An Intrinsic Calculation For Compañía de Distribución Integral Logista Holdings, S.A. (BME:LOG) Suggests It's 48% Undervalued
In this article we are going to estimate the intrinsic value of Compañía de Distribución Integral Logista Holdings, S.A. (BME:LOG) by taking the expected future cash flows and discounting them to today's value. This will be done using the Discounted Cash Flow (DCF) model. Don't get put off by the jargon, the math behind it is actually quite straightforward.
We generally believe that a company's value is the present value of all of the cash it will generate in the future. However, a DCF is just one valuation metric among many, and it is not without flaws. If you still have some burning questions about this type of valuation, take a look at the Simply Wall St analysis model.
View our latest analysis for Compañía de Distribución Integral Logista Holdings
Is Compañía de Distribución Integral Logista Holdings fairly valued?

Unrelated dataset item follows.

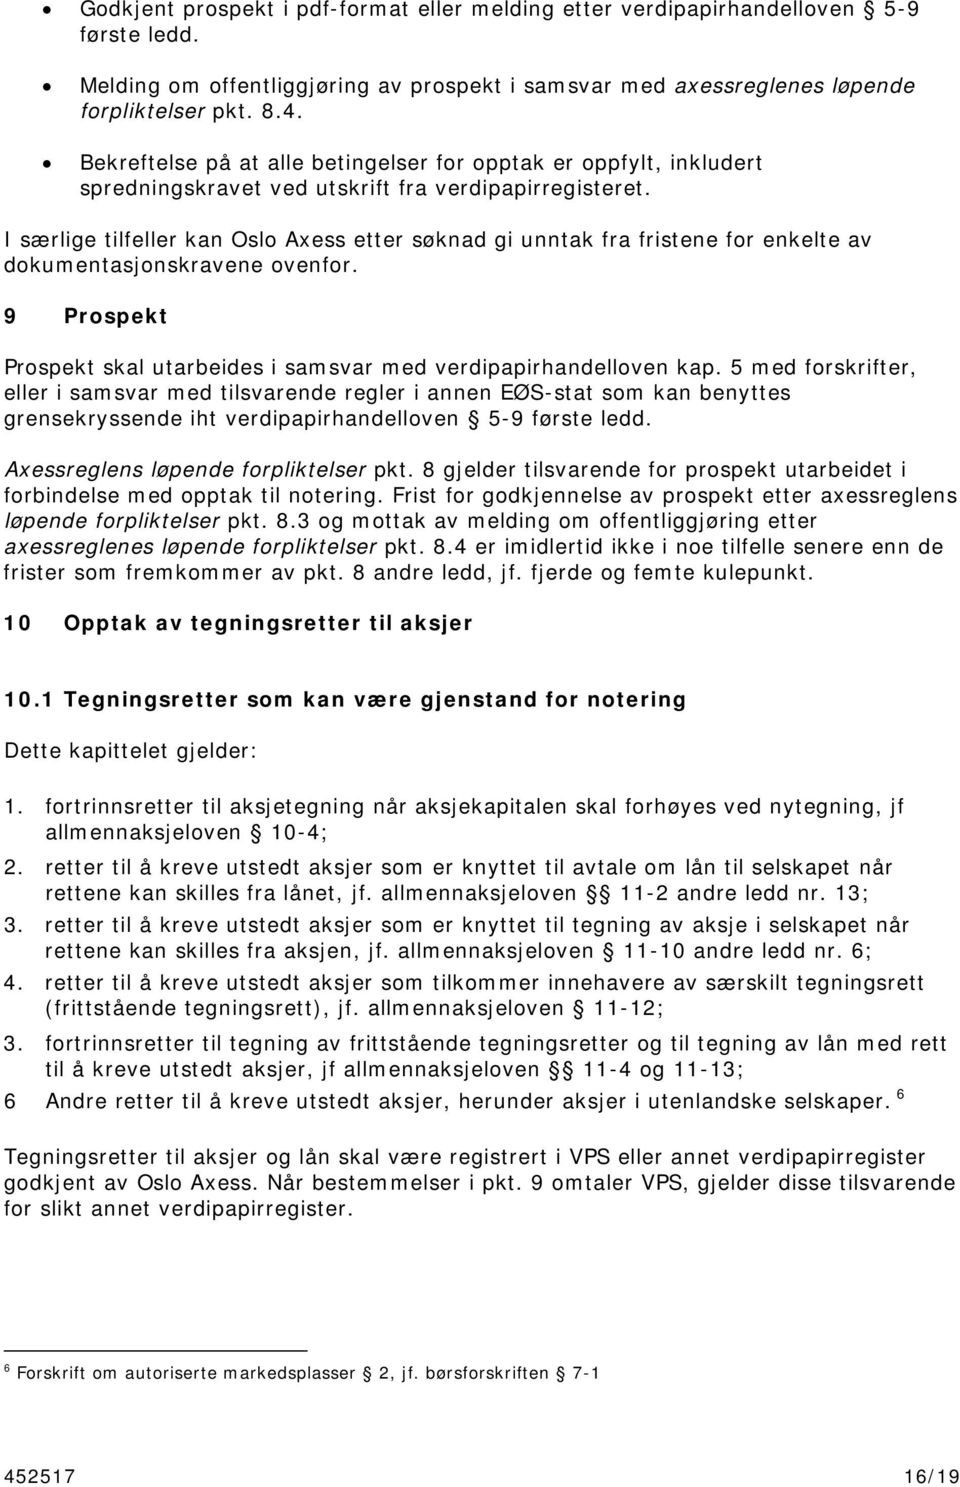 I særlige tilfeller kan Oslo Axess etter søknad gi unntak fra fristene for enkelte av dokumentasjonskravene ovenfor. 9 Prospekt Prospekt skal utarbeides i samsvar med verdipapirhandelloven kap.

We use what is known as a 2-stage model, which simply means we have two different periods of growth rates for the company's cash flows. Generally the first stage is higher growth, and the second stage is a lower growth phase. To start off with, we need to estimate the next ten years of cash flows. Where possible we use analyst estimates, but when these aren't available we extrapolate the previous free cash flow (FCF) from the last estimate or reported value. We assume companies with shrinking free cash flow will slow their rate of shrinkage, and that companies with growing free cash flow will see their growth rate slow, over this period. We do this to reflect that growth tends to slow more in the early years than it does in later years.

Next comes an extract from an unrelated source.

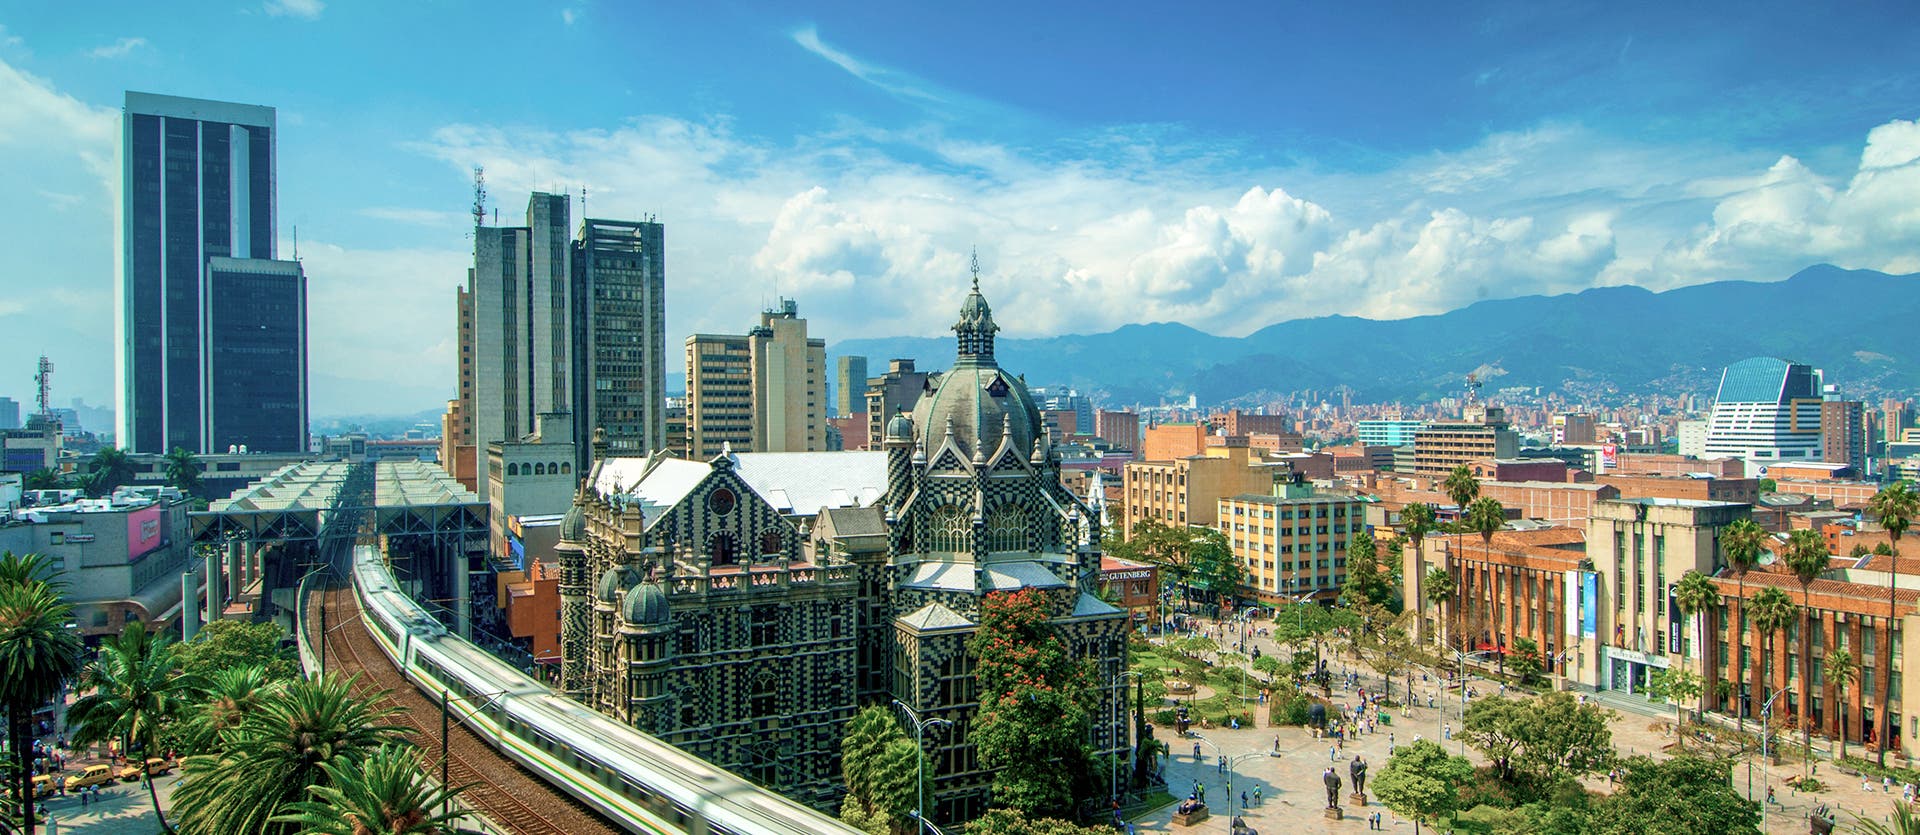 Qué ver en Colombia Medellín

Generally we assume that a dollar today is more valuable than a dollar in the future, so we need to discount the sum of these future cash flows to arrive at a present value estimate:
10-year free cash flow (FCF) estimate
2022 | 2023 | 2024 | 2025 | 2026 | 2027 | 2028 | 2029 | 2030 | 2031 | |
Levered FCF (€, Millions) | €266.6m | €248.4m | €242.7m | €268.0m | €268.6m | €269.8m | €271.4m | €273.2m | €275.3m | €277.4m |
Growth Rate Estimate Source | Analyst x7 | Analyst x8 | Analyst x4 | Analyst x1 | Est @ 0.23% | Est @ 0.44% | Est @ 0.58% | Est @ 0.68% | Est @ 0.75% | Est @ 0.8% |
Present Value (€, Millions) Discounted @ 6.6% | €250 | €218 | €200 | €207 | €195 | €184 | €173 | €164 | €155 | €146 |
("Est" = FCF growth rate estimated by Simply Wall St)

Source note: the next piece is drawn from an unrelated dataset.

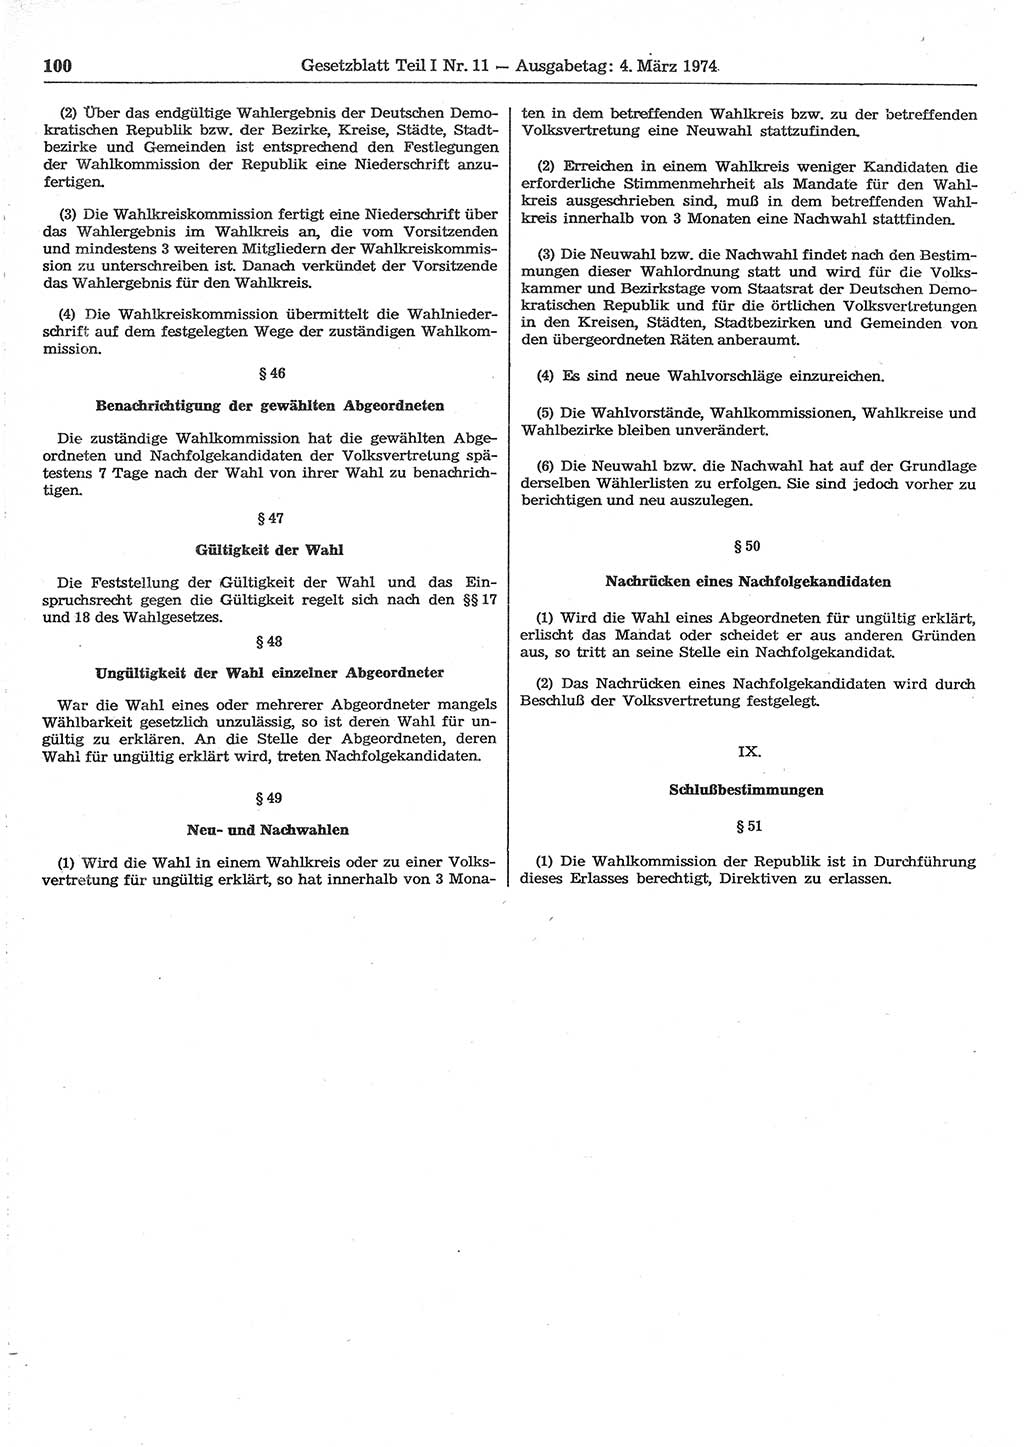 Gesetzblatt (GBl.) der Deutschen Demokratischen Republik (DDR) Teil Ⅰ 1974, Seite 100 (GBl. DDR Ⅰ 1974, S. 100)

Present Value of 10-year Cash Flow (PVCF) = €1.9b
After calculating the present value of future cash flows in the initial 10-year period, we need to calculate the Terminal Value, which accounts for all future cash flows beyond the first stage. For a number of reasons a very conservative growth rate is used that cannot exceed that of a country's GDP growth. In this case we have used the 5-year average of the 10-year government bond yield (0.9%) to estimate future growth. In the same way as with the 10-year 'growth' period, we discount future cash flows to today's value, using a cost of equity of 6.6%.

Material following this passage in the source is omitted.